**Records shown**.
+ + + +
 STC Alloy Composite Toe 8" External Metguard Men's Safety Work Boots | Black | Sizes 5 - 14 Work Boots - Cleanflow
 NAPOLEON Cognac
+ + + +
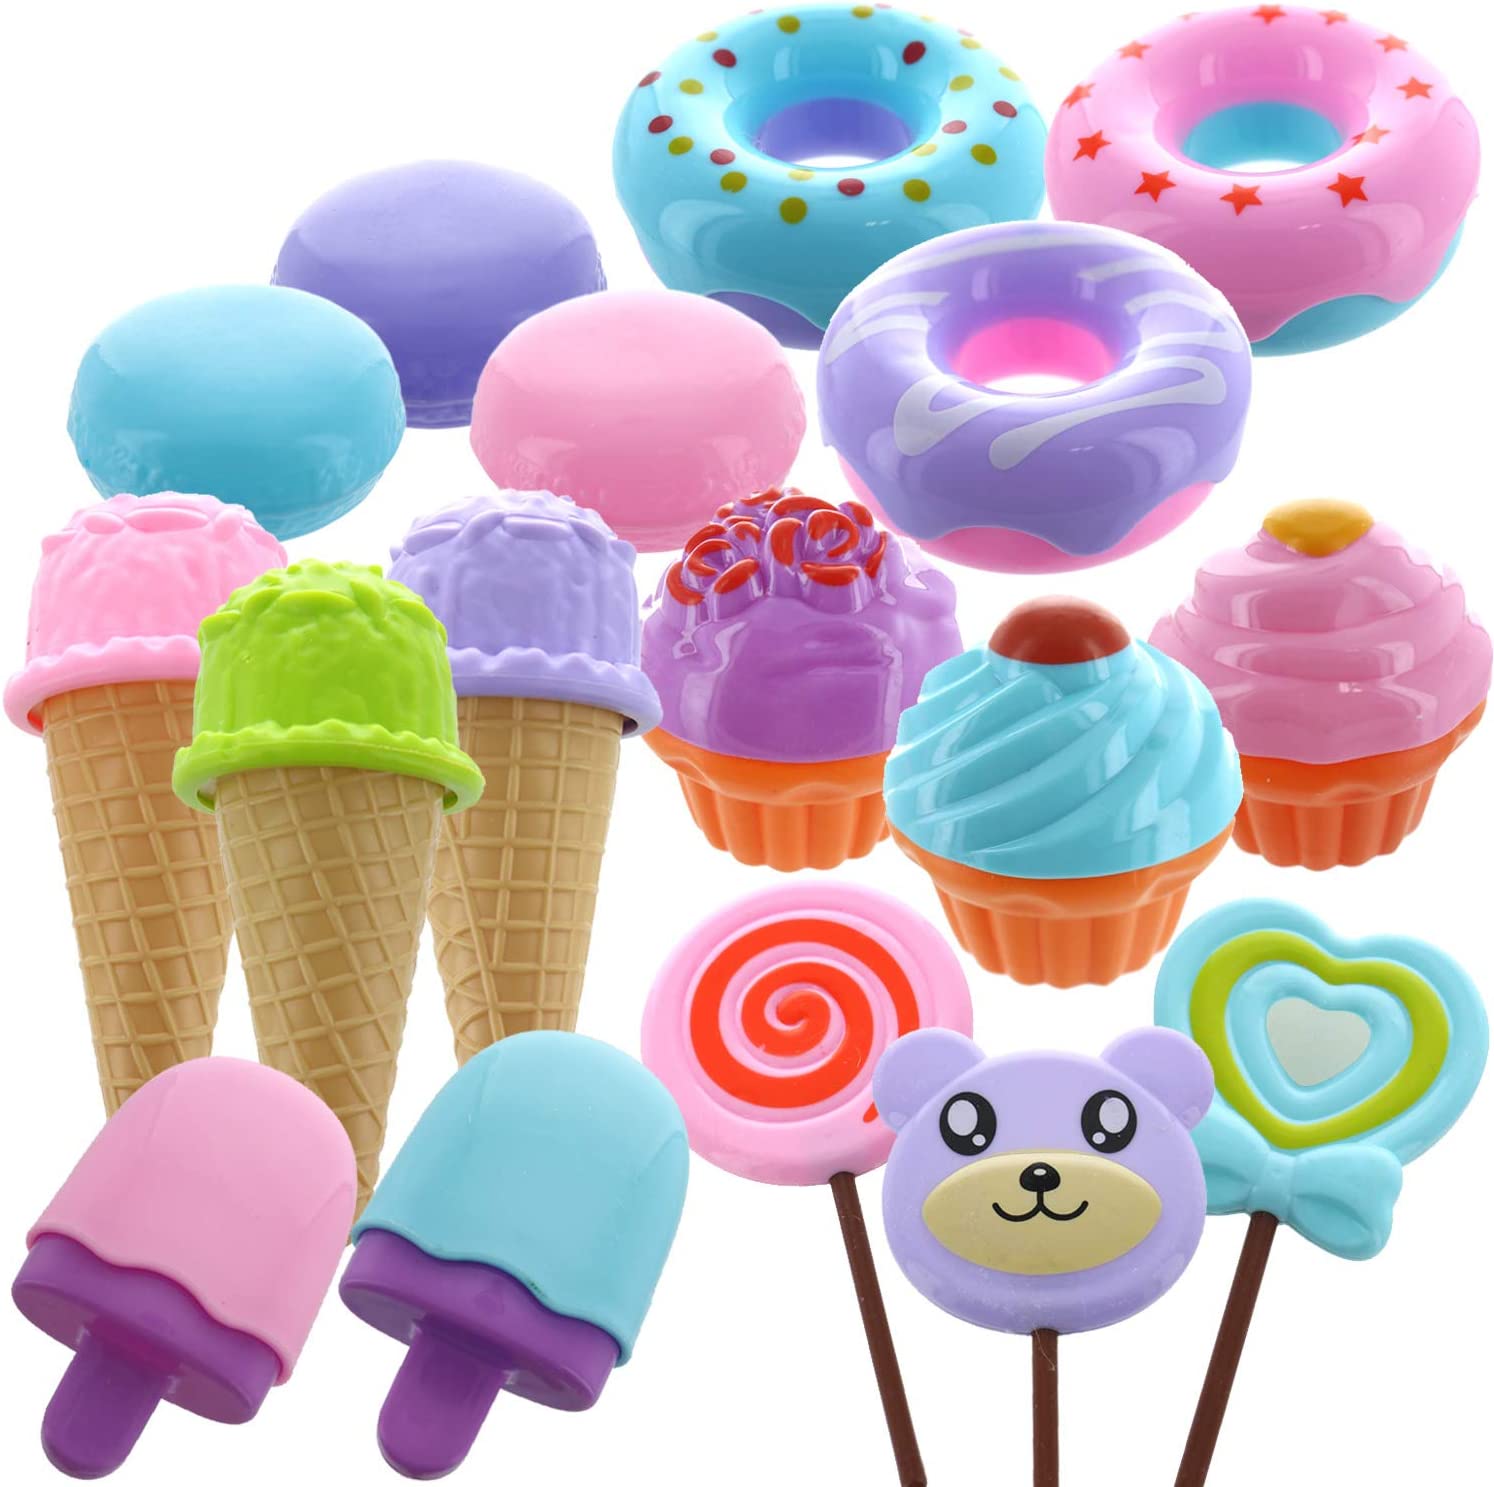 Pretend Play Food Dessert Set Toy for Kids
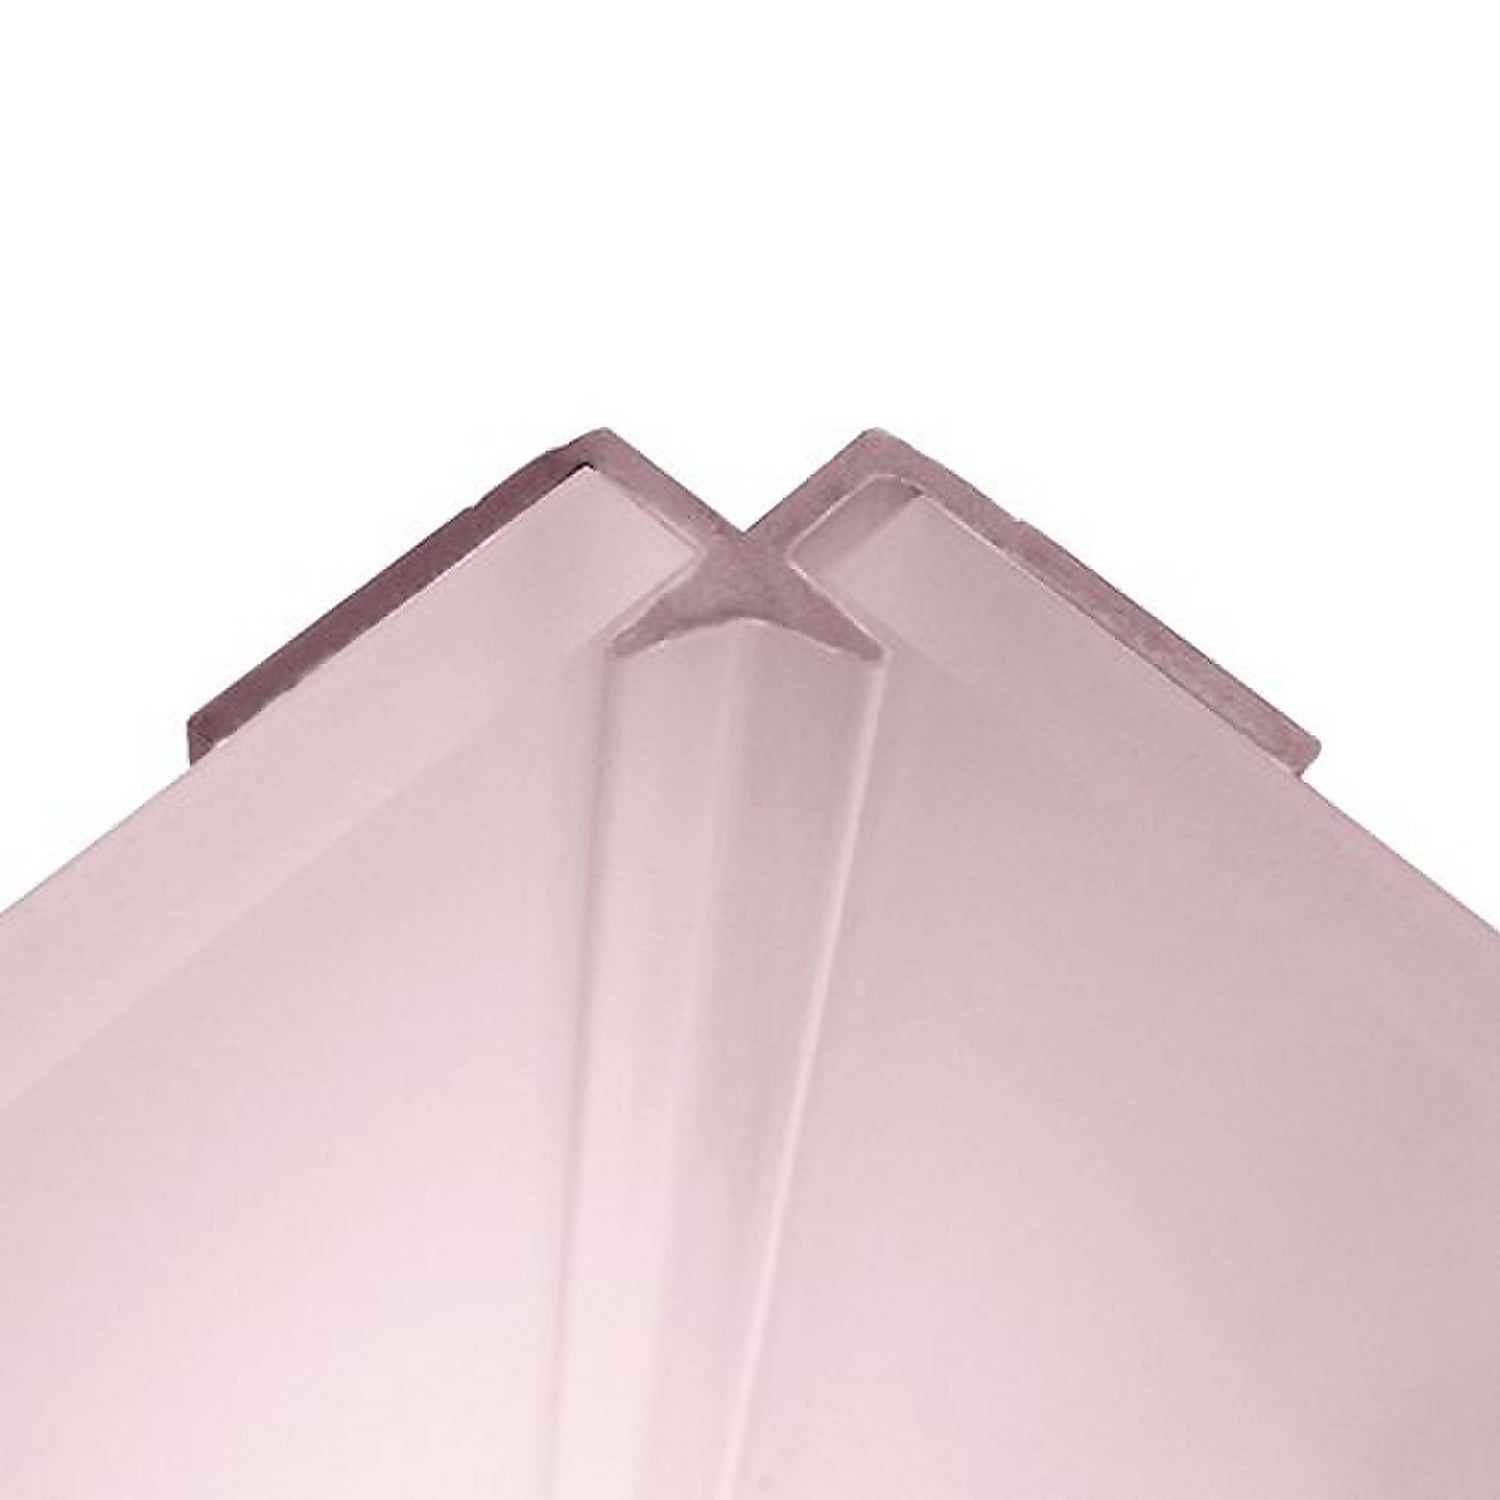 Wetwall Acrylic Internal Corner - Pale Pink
+ + + +
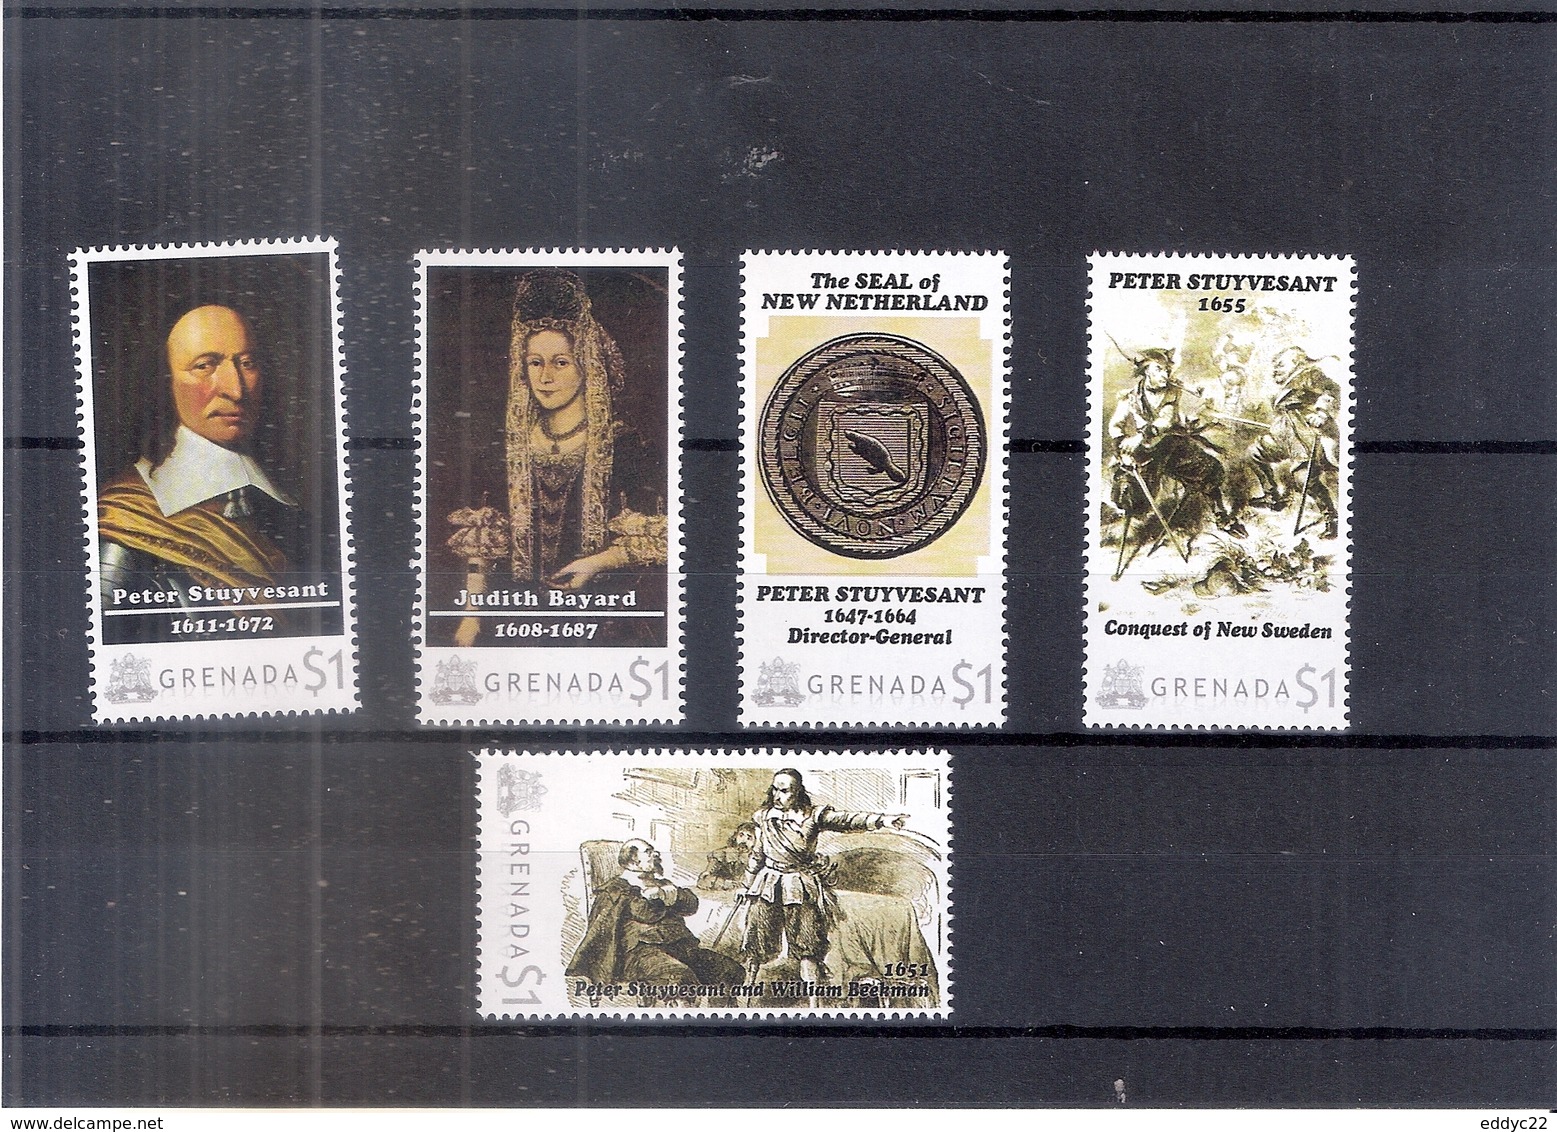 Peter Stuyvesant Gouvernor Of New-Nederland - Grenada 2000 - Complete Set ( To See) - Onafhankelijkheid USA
+ + + +
**Exercise directions**. Output only the stretch above from the line with "Pretend Play Food Dessert Set Toy for Kids" through the line with "Wetwall Acrylic Internal Corner - Pale Pink", reproduced exactly. Exclude pictures.

**Completed exercise**.
 Pretend Play Food Dessert Set Toy for Kids
 Wetwall Acrylic Internal Corner - Pale Pink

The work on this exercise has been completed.